**WORK INSTRUCTION**. Where the records below reach the line containing "迷你飞机驾驶模拟器游戏图1", start transcribing, and end with the line containing "Scenes et Types, Jeune", exactly and with nothing else added.

SOURCE MATERIAL: Begin

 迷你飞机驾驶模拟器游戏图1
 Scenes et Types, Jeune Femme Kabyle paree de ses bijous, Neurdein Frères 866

SOURCE MATERIAL: End
SOURCE MATERIAL: Begin

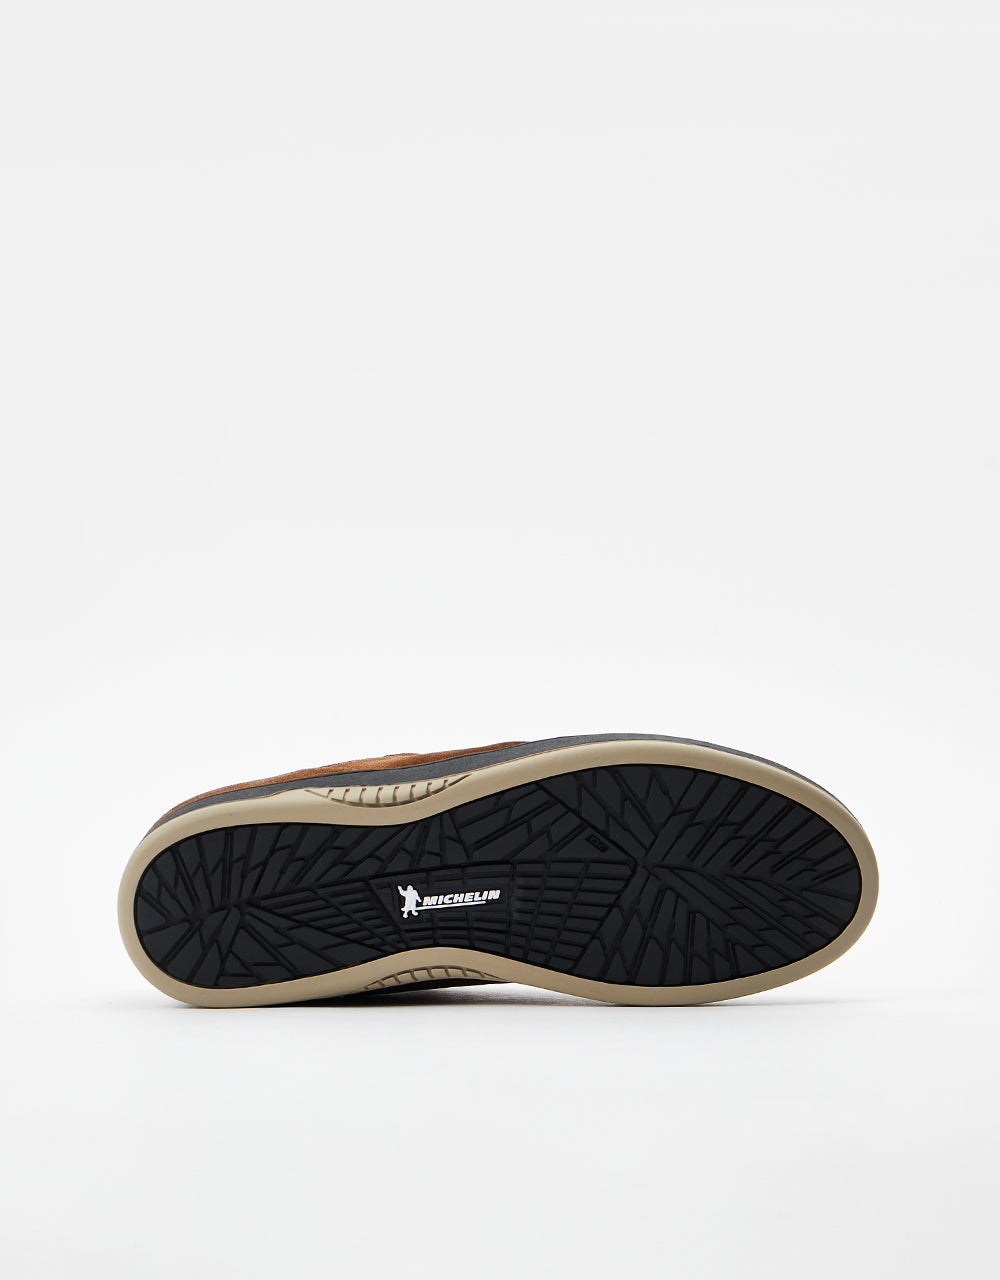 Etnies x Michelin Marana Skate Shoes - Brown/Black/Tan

SOURCE MATERIAL: End
SOURCE MATERIAL: Begin

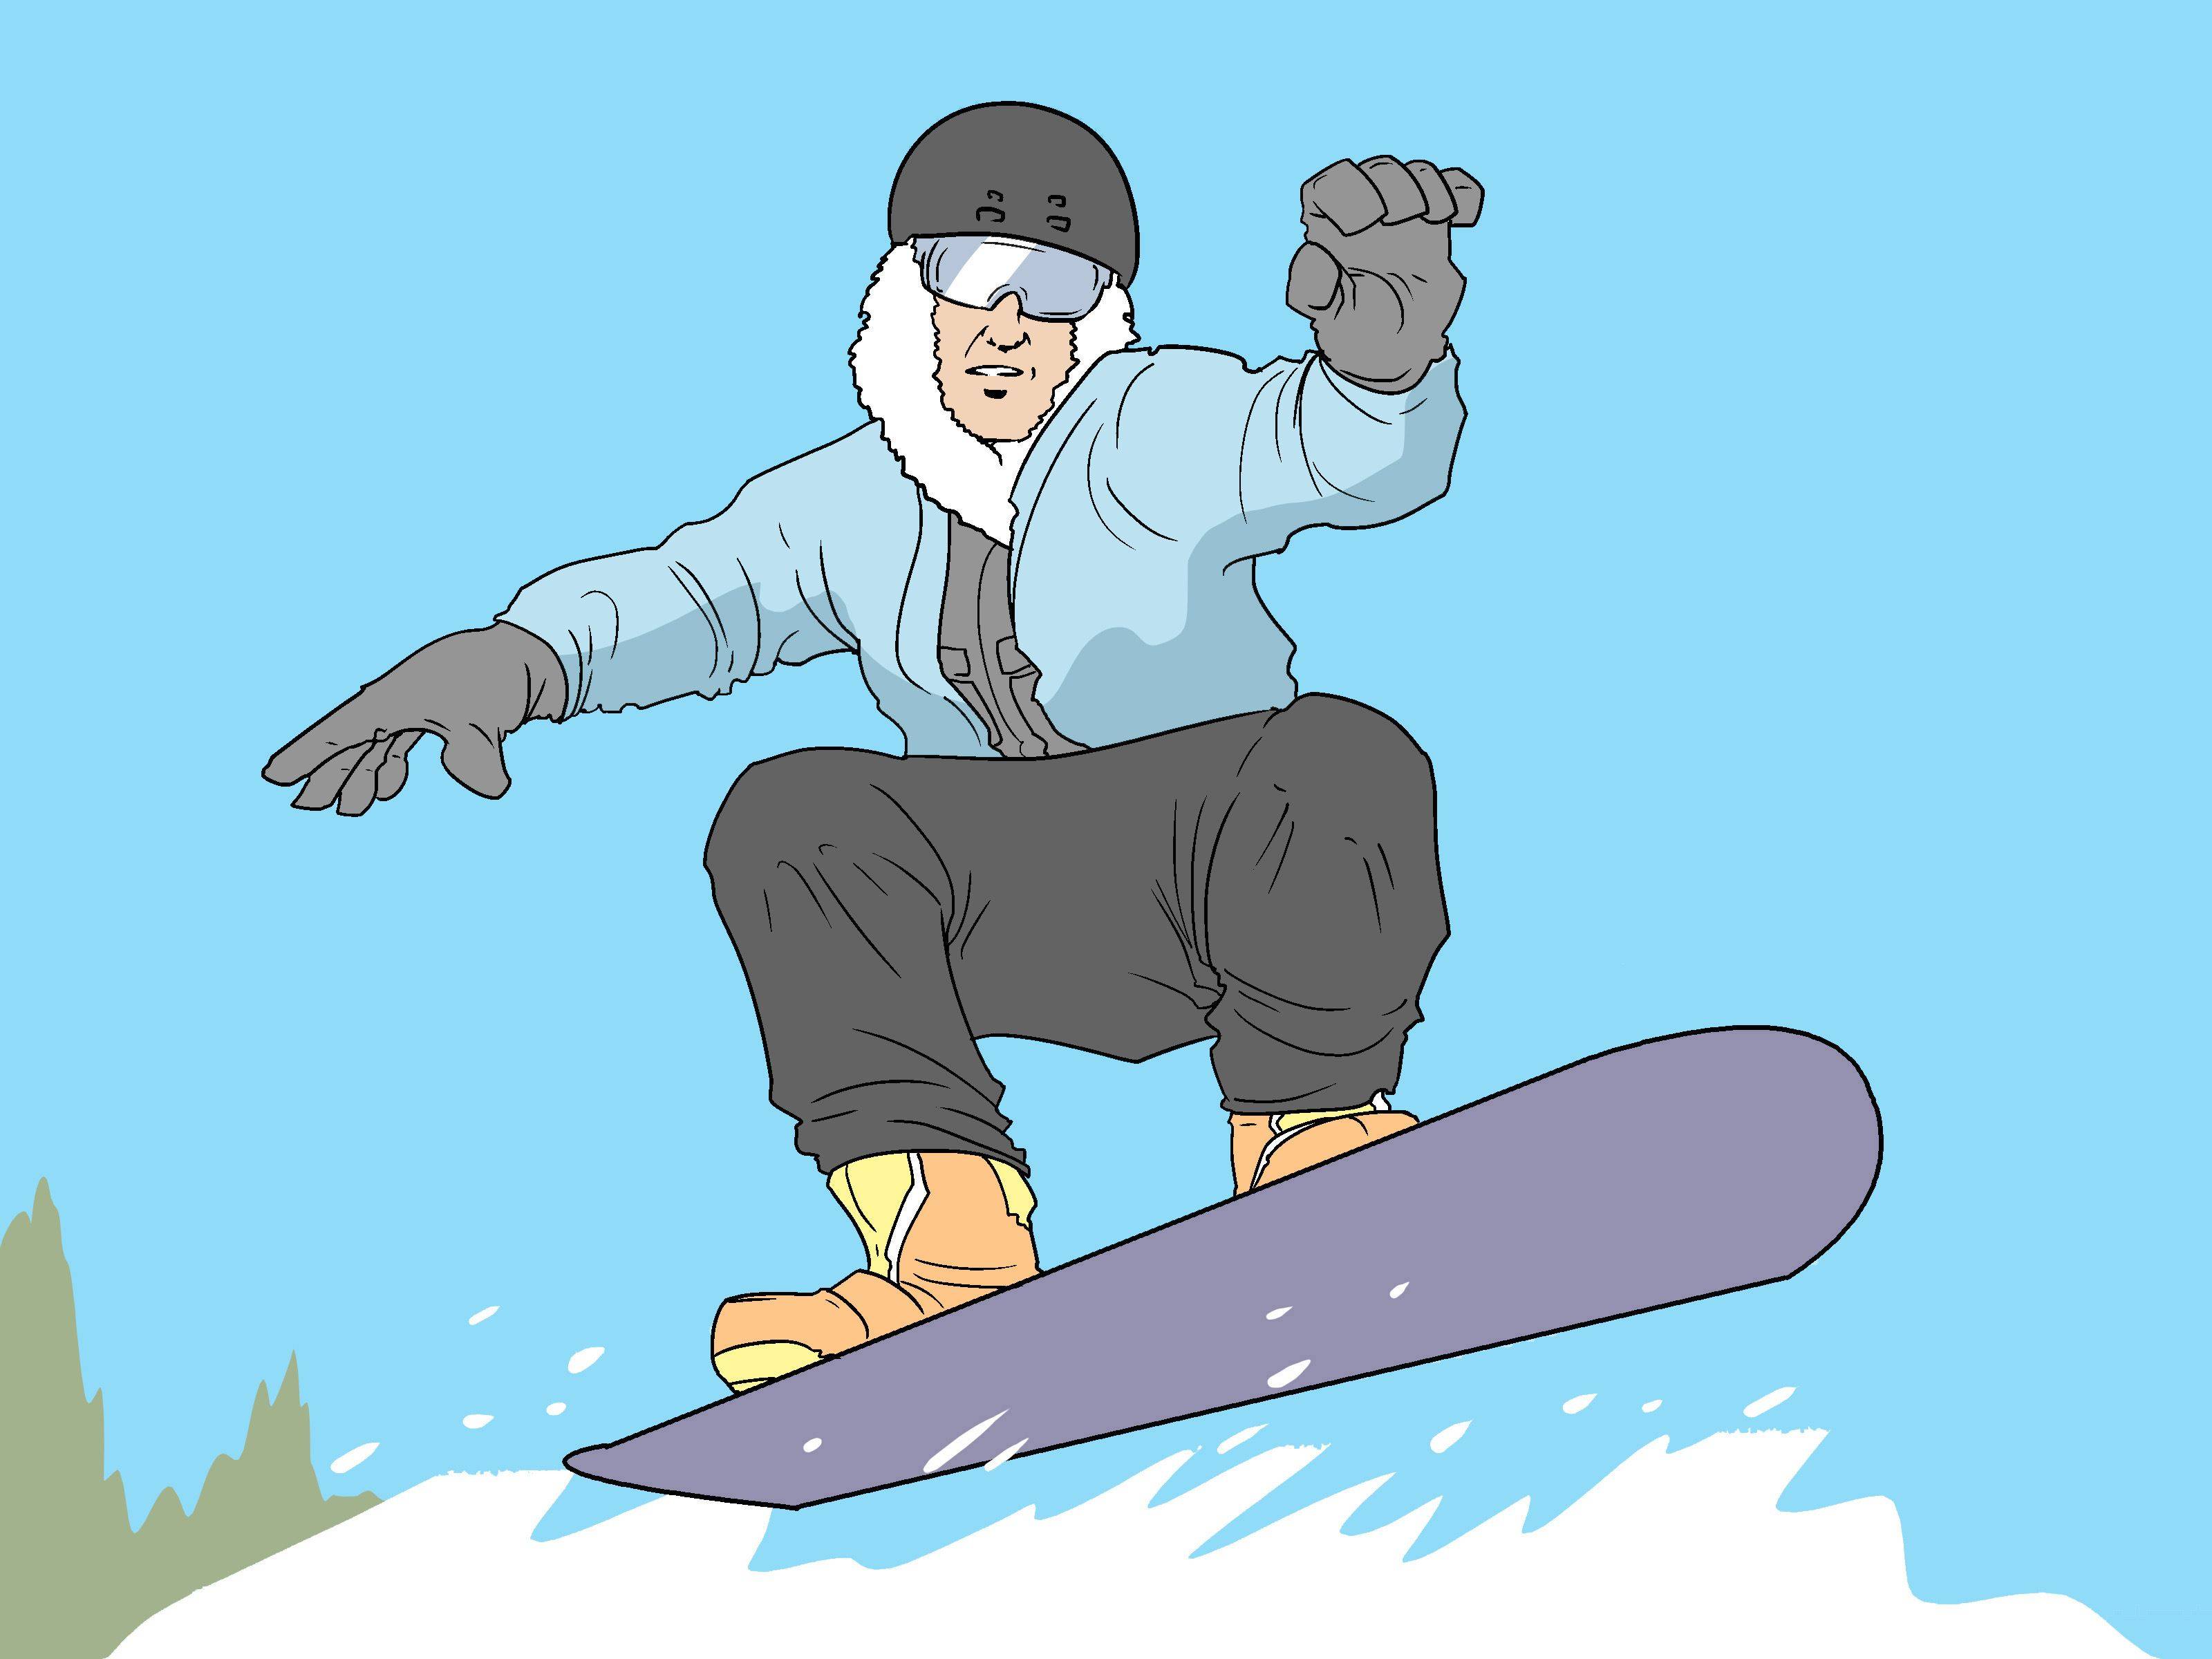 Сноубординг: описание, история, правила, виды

SOURCE MATERIAL: End

**RESULT OF THIS EXERCISE**.
 迷你飞机驾驶模拟器游戏图1
 Scenes et Types, Jeune Femme Kabyle paree de ses bijous, Neurdein Frères 866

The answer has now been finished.